Blutproben werden für
die Serumchemie und die Bestimmung der Konzentration gesammelt.
Leber und Nieren werden für
die histologische Auswertung entnommen. Eine Niere und ein Teil
der Leber werden für
die Konzentrationsanalyse homogenisiert, bei der Umkehrphasen-HPLC
mit UV-Detektion zum Einsatz kommt. Die Arzneimittelkonzentrationen
in Urin- und Serumproben werden durch IC-MS-Analyse bestimmt.
-
C. Gewebeverteilung nach mehreren Dosen
-
Dieses
Verfahren dient zur Auswertung der potentiellen Gewebeakkumulation
einer Testverbindung bei Ratten nach Verabreichung mehrerer Dosen
durch intravenöse
Infusion. Männlichen
und weiblichen Sprague-Dawley-Ratten (n = 4 pro Geschlecht pro Dosisgruppe)

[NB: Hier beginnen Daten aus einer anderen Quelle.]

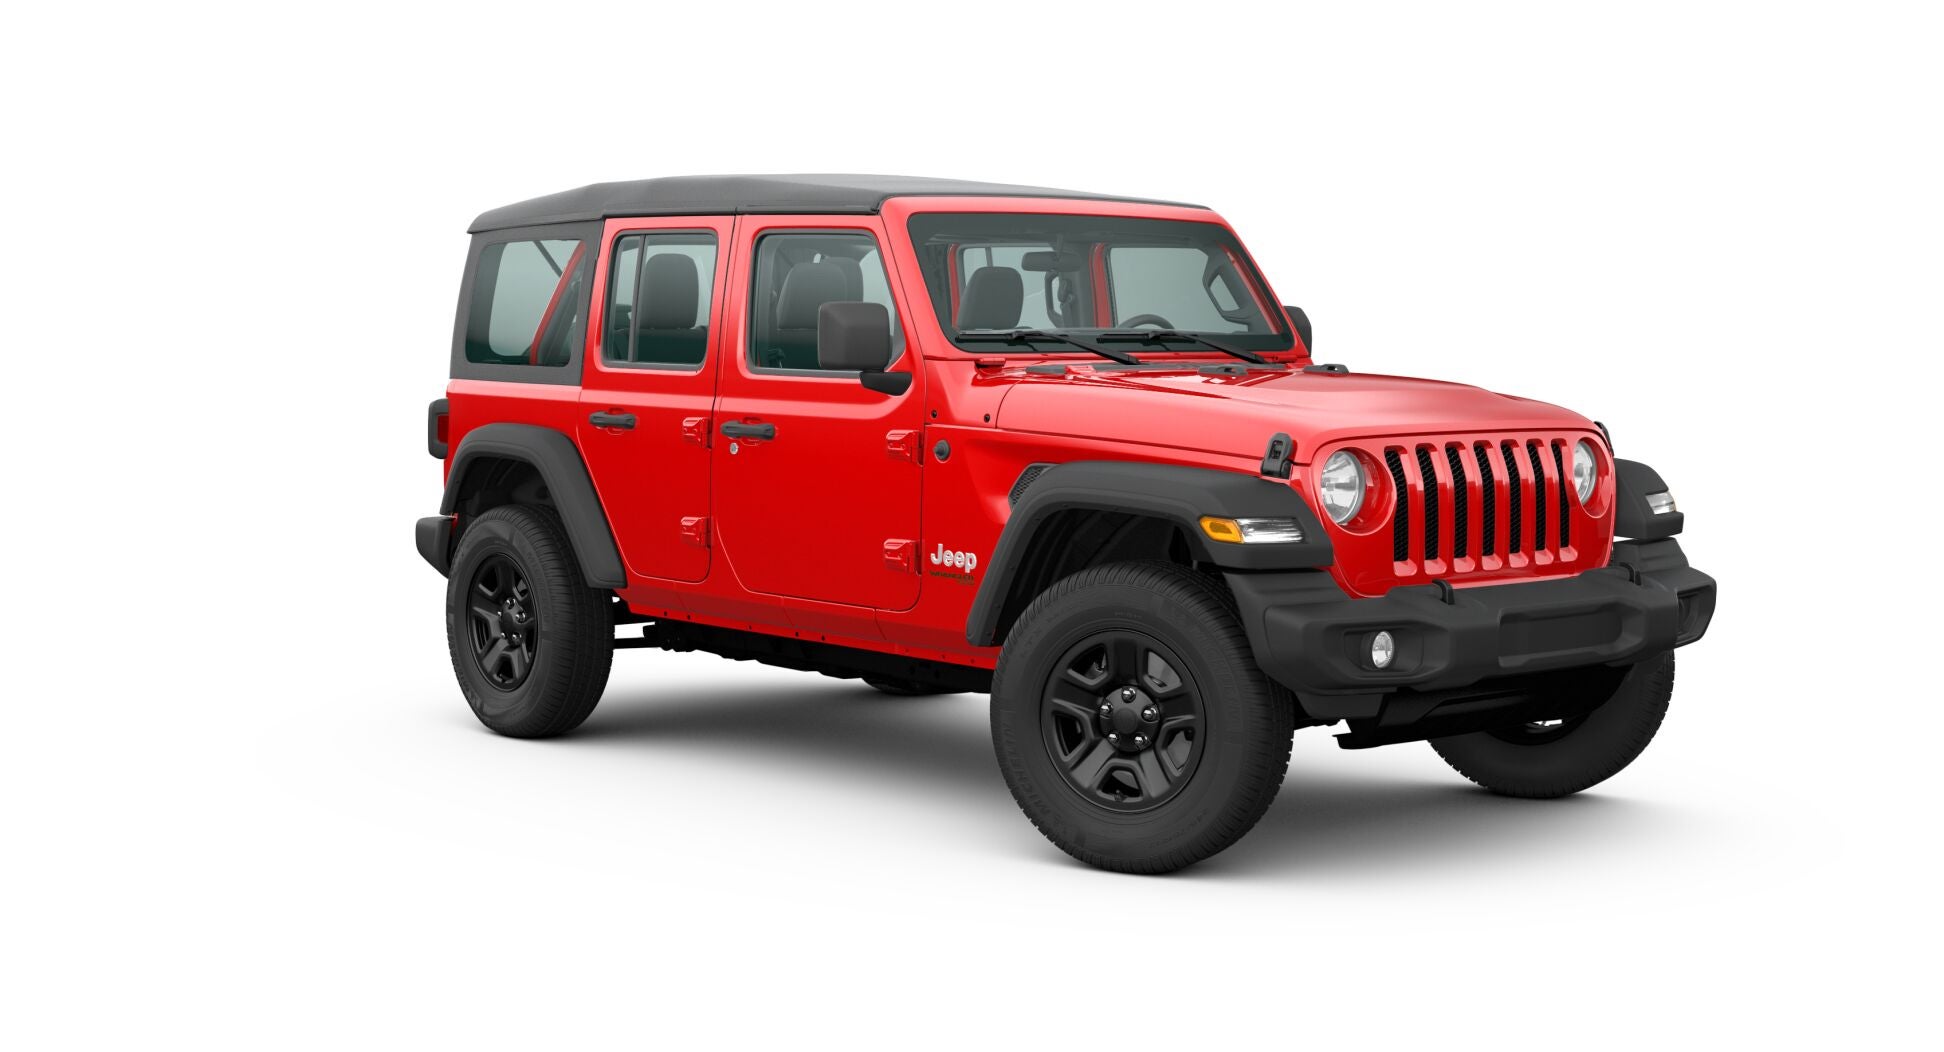 2020 Jeep Wrangler Lease Deal | $249 for 36 Months | Rolla, MO

werden sieben Tage lang Dosen einer Testverbindung mit 12,5, 25
und 50 mg/kg verabreicht. Die Tiere werden an Tag 1 (n = 3 pro Geschlecht
pro Dosisgruppe) nach der letzten verabreichten Dosis getötet. Ein
Tier pro Geschlecht pro Dosisgruppe wird als genesendes Tier behalten
und an Tag 7 nach der letzten verabreichten Dosis getötet. Die
Testverbindung wird in 5% Hydroxypropyl-β-cyclodextrin oder 1% Saccharose/4,5%
Dextrose formuliert. Urinproben werden an Tag 1 und 7 nach den Dosen
von den Käfigen
gesammelt. Blutproben werden für
die Serumchemie und die Bestimmung der Konzentration gesammelt.
Leber und Nieren werden für
die histologische Auswertung entnommen. Eine Niere und ein Teil
der Leber werden für
die Konzentrationsanalyse homogenisiert, bei der Umkehrphasen-HPLC mit UV-Detektion
zum Einsatz kommt. Die Arzneimittelkonzentrationen in Urin- und
Serumproben werden durch IC-MS-Analyse bestimmt.